» TASK TO CARRY OUT
Go through the data line by line. Copy each one holding the string "Very".

» RECORD SET
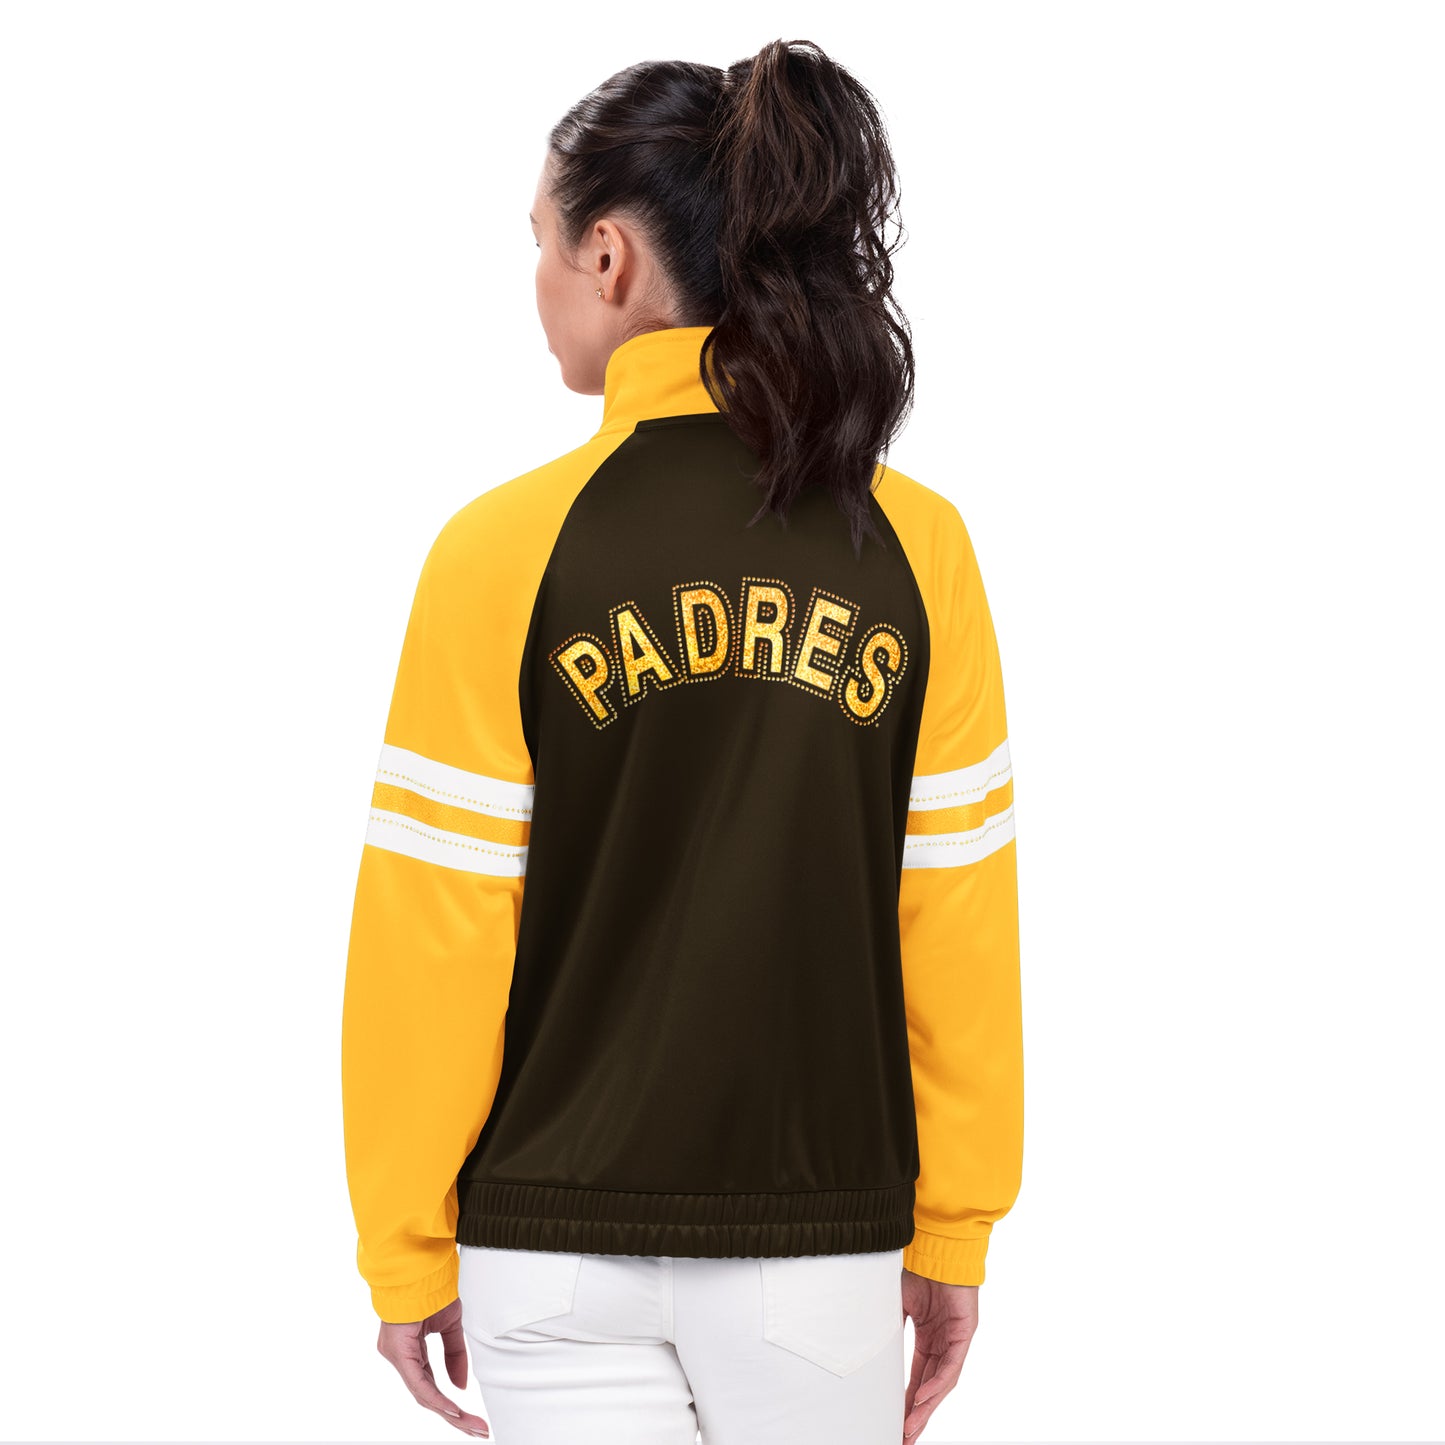 SAN DIEGO PADRES WOMEN'S MAIN PLAYER TRACK JACKET
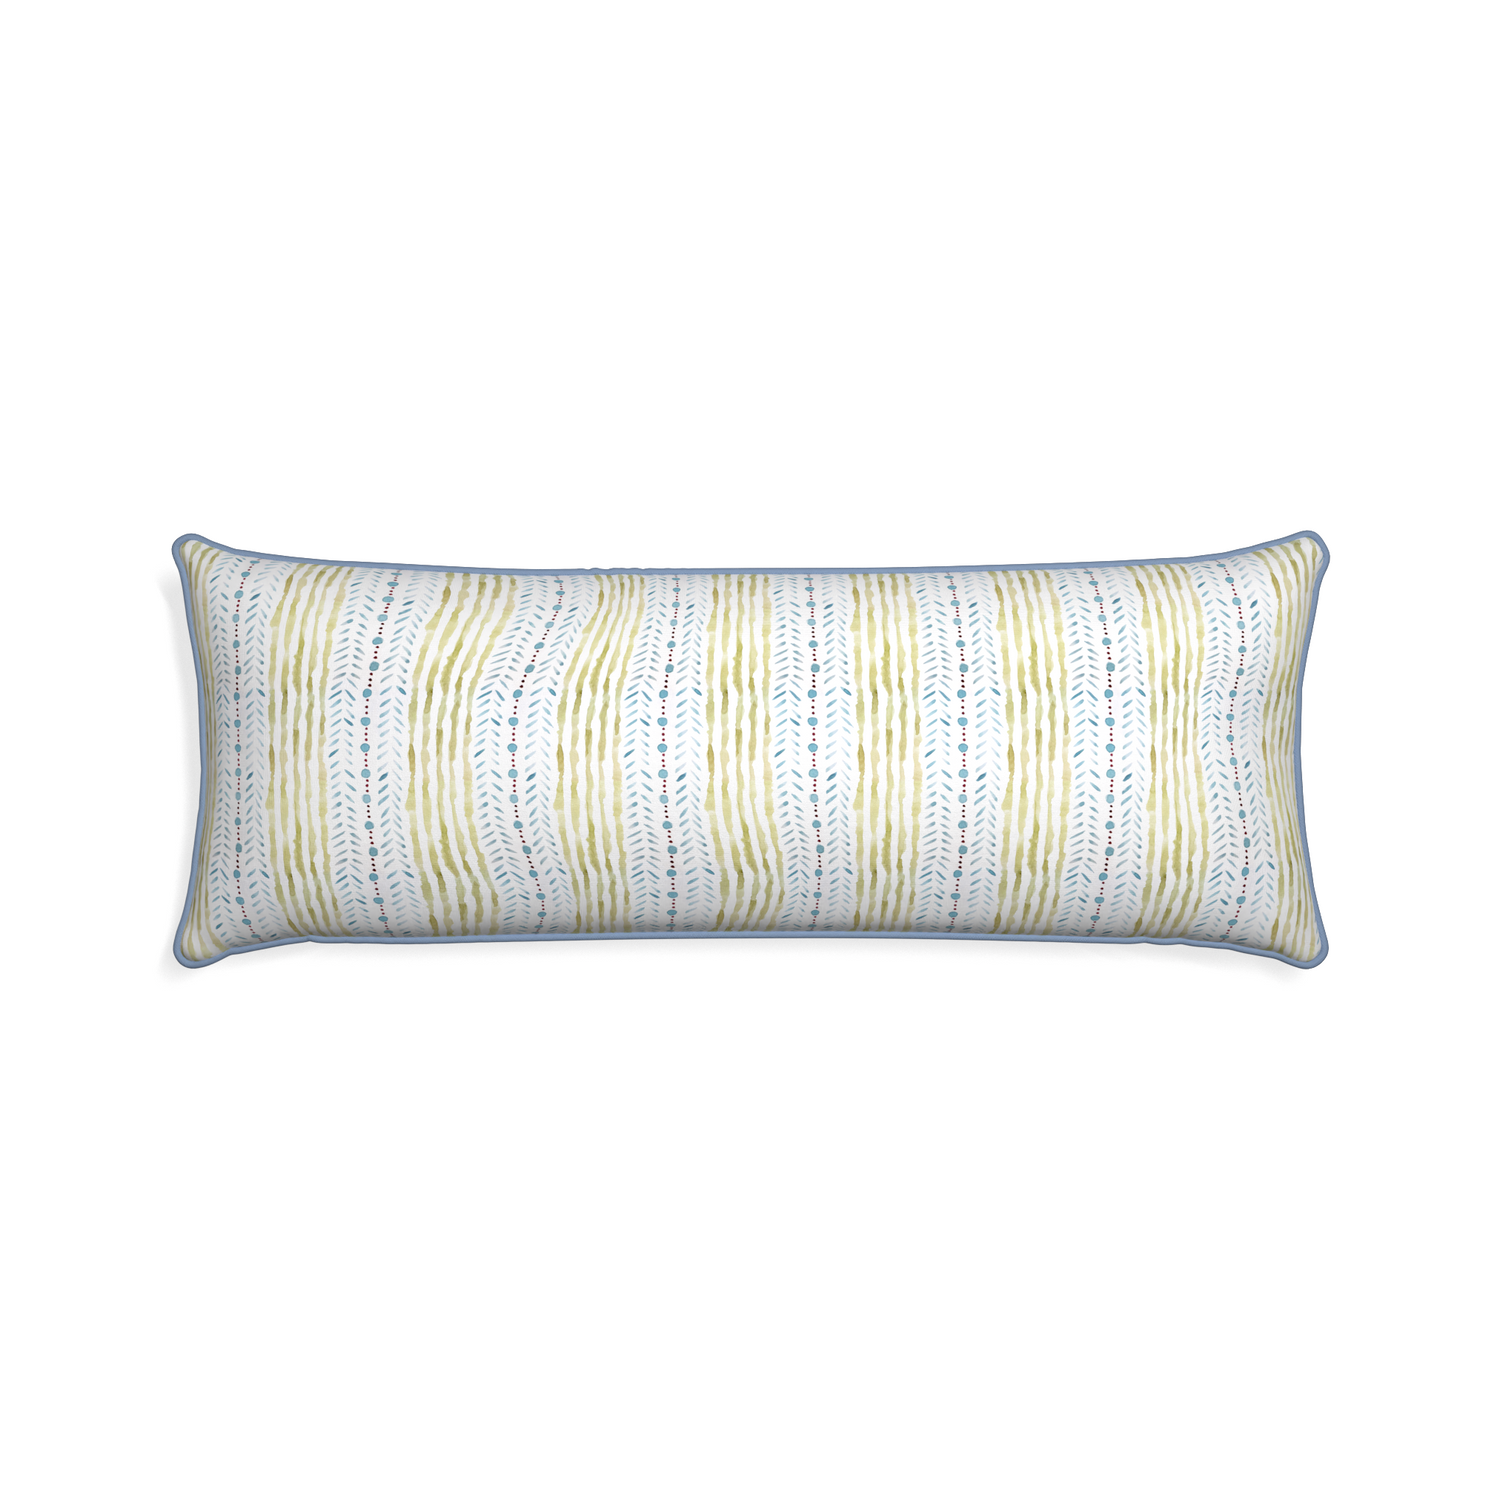 Xl-lumbar julia custom blue & green stripedpillow with sky piping on white background
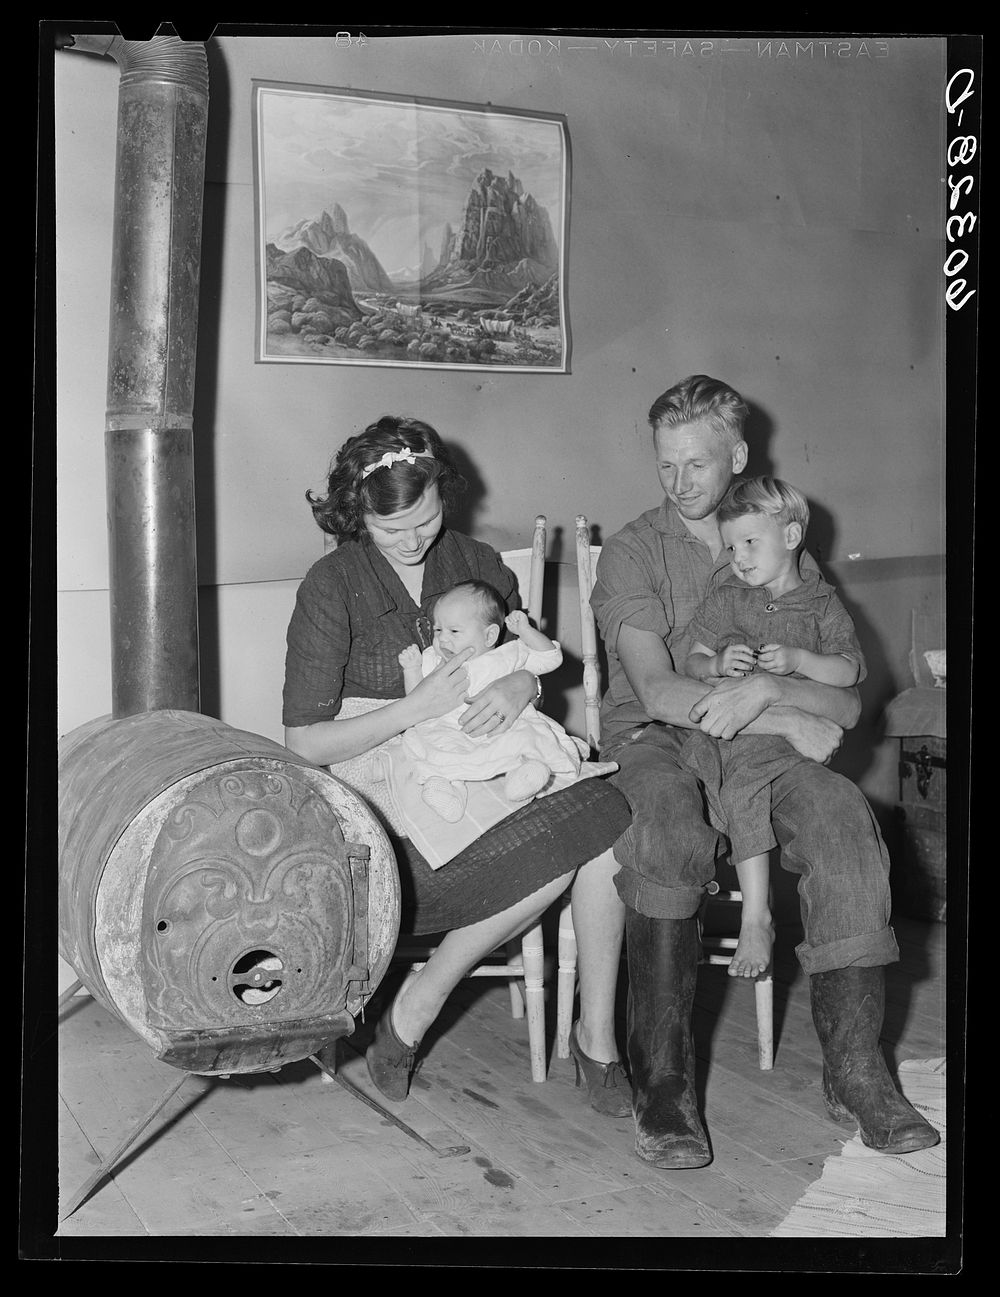 Rehabilitation borrower and his family. Chippewa County, Wisconsin. Sourced from the Library of Congress.
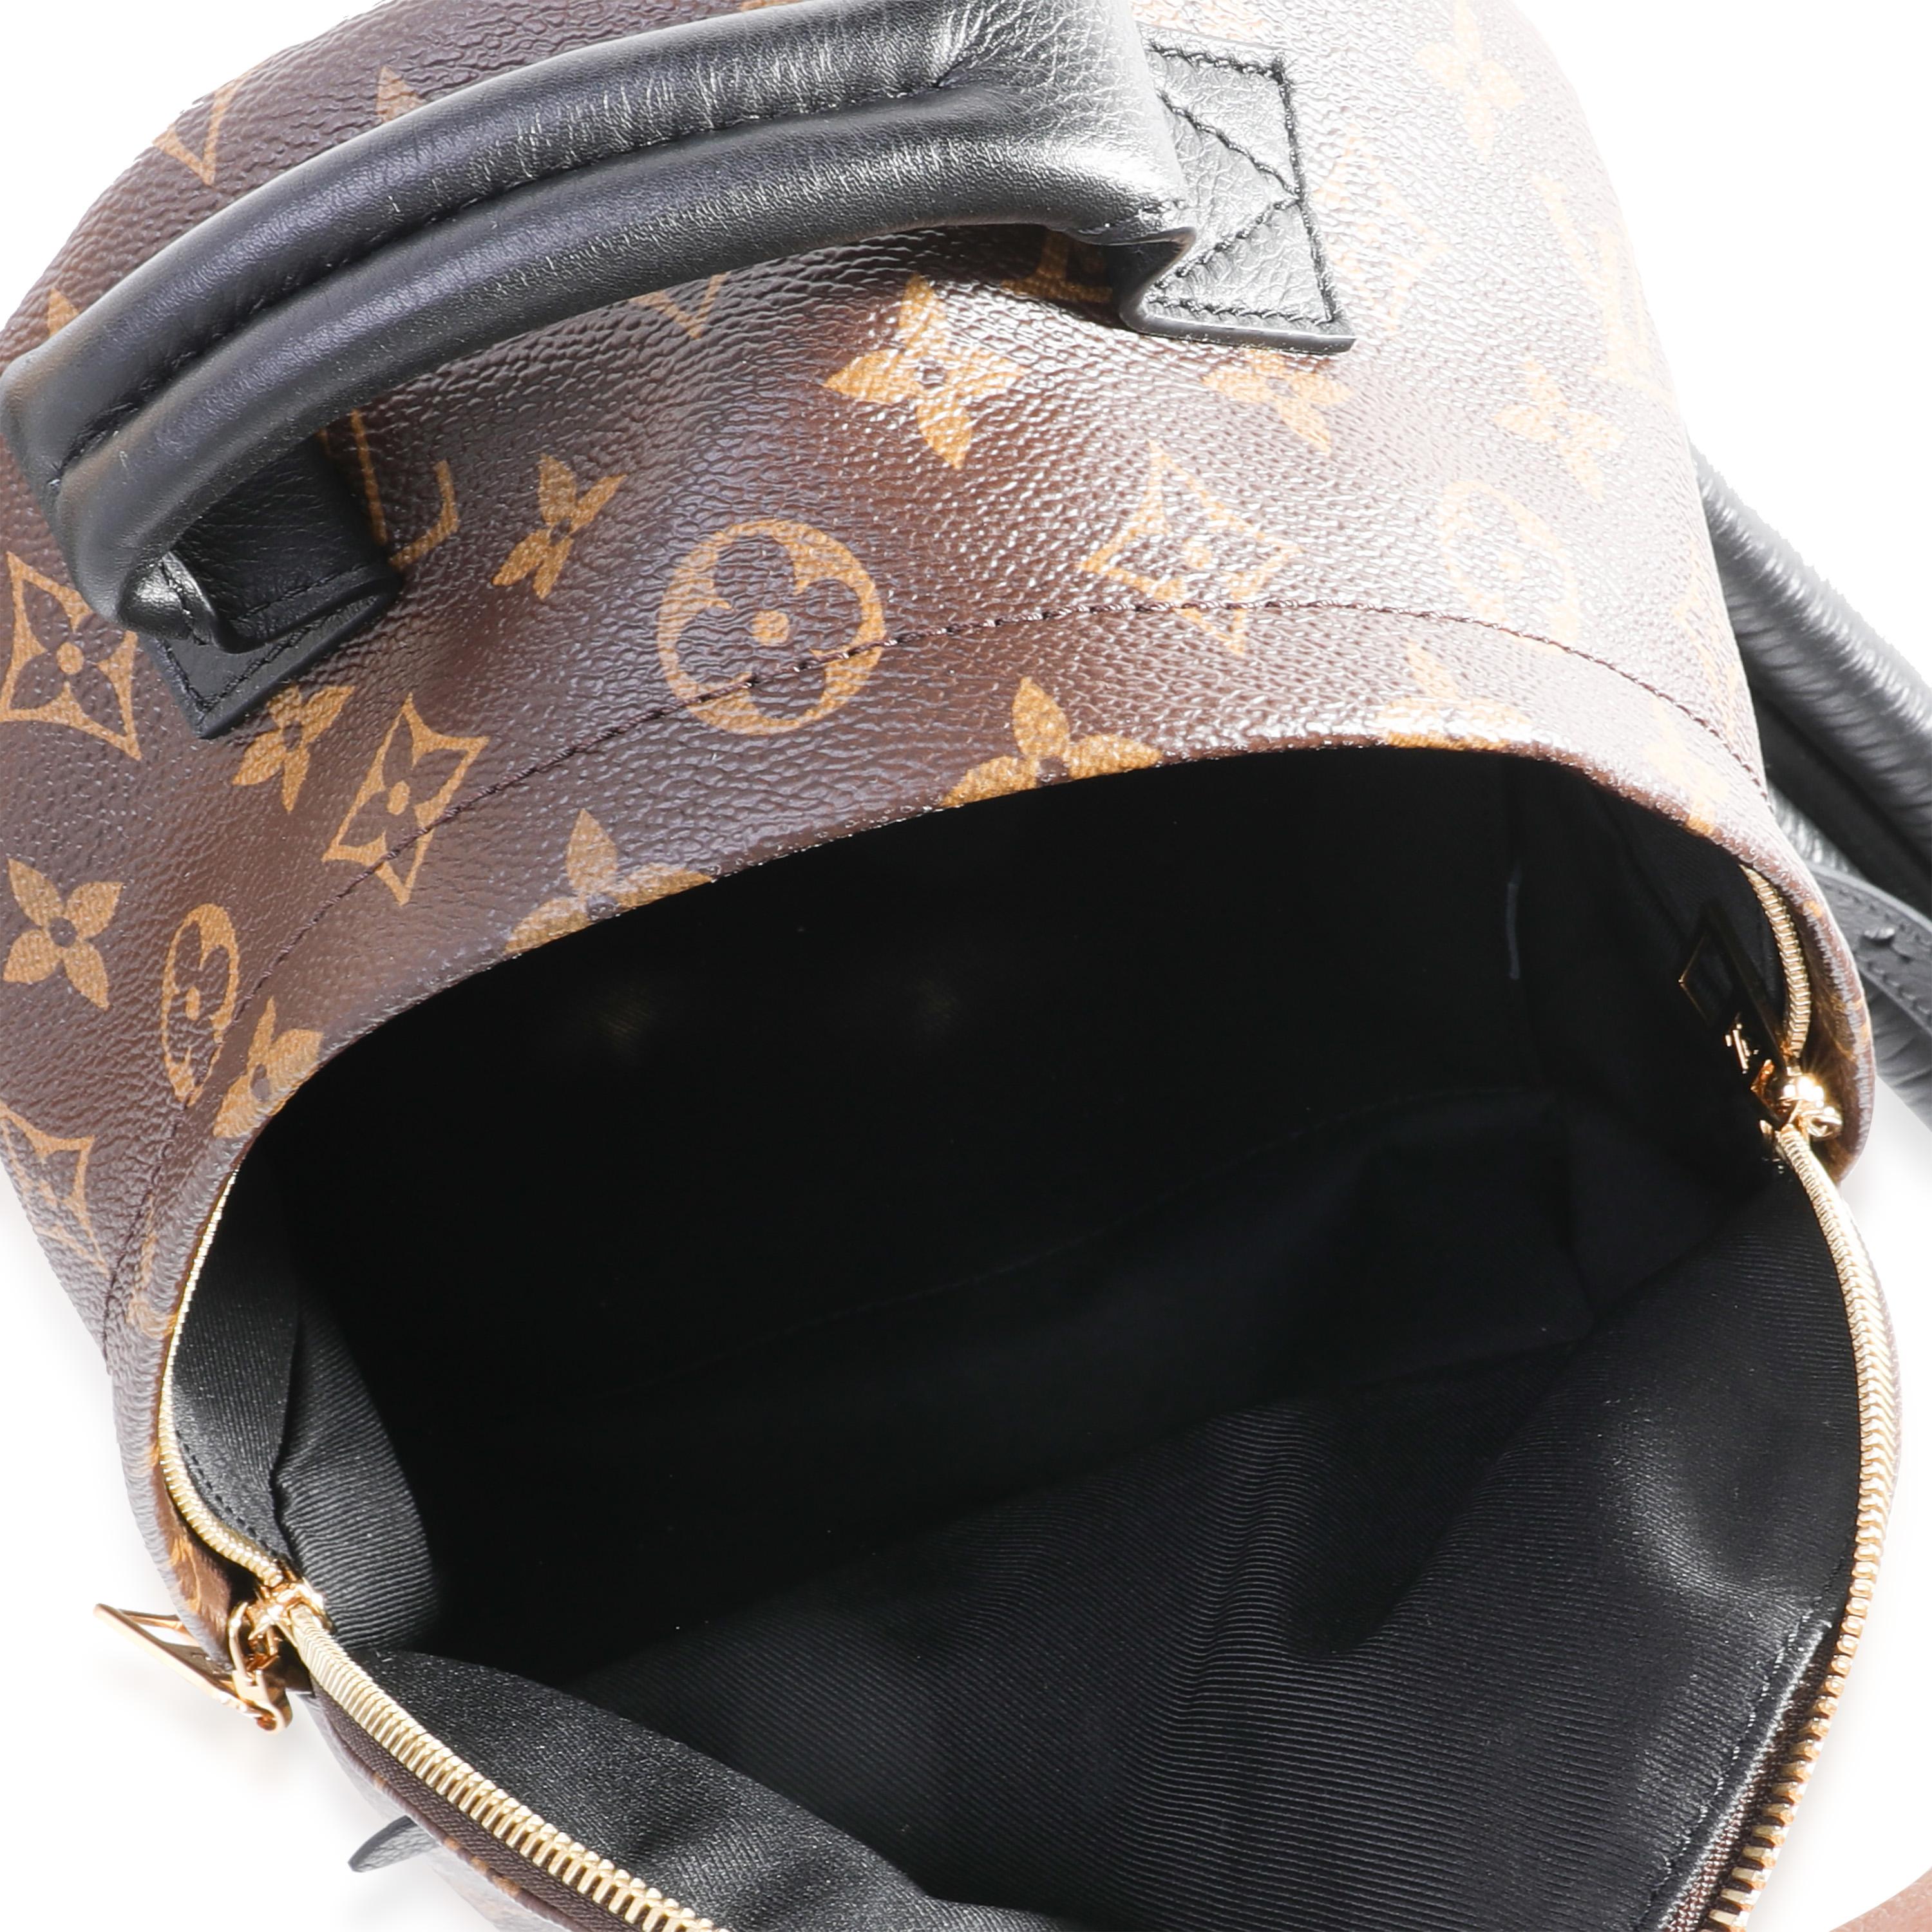 Listing Title: Louis Vuitton Monogram & Monogram Reverse Canvas Palm Springs PM Backpack
SKU: 118510
MSRP: 2570.00
Condition: Pre-owned (3000)
Handbag Condition: Very Good
Condition Comments: Very Good Condition. Signs of wear to the straps.

» TASK RESULT
Handbag Condition: Very Good
Condition Comments: Very Good Condition. Signs of wear to the straps.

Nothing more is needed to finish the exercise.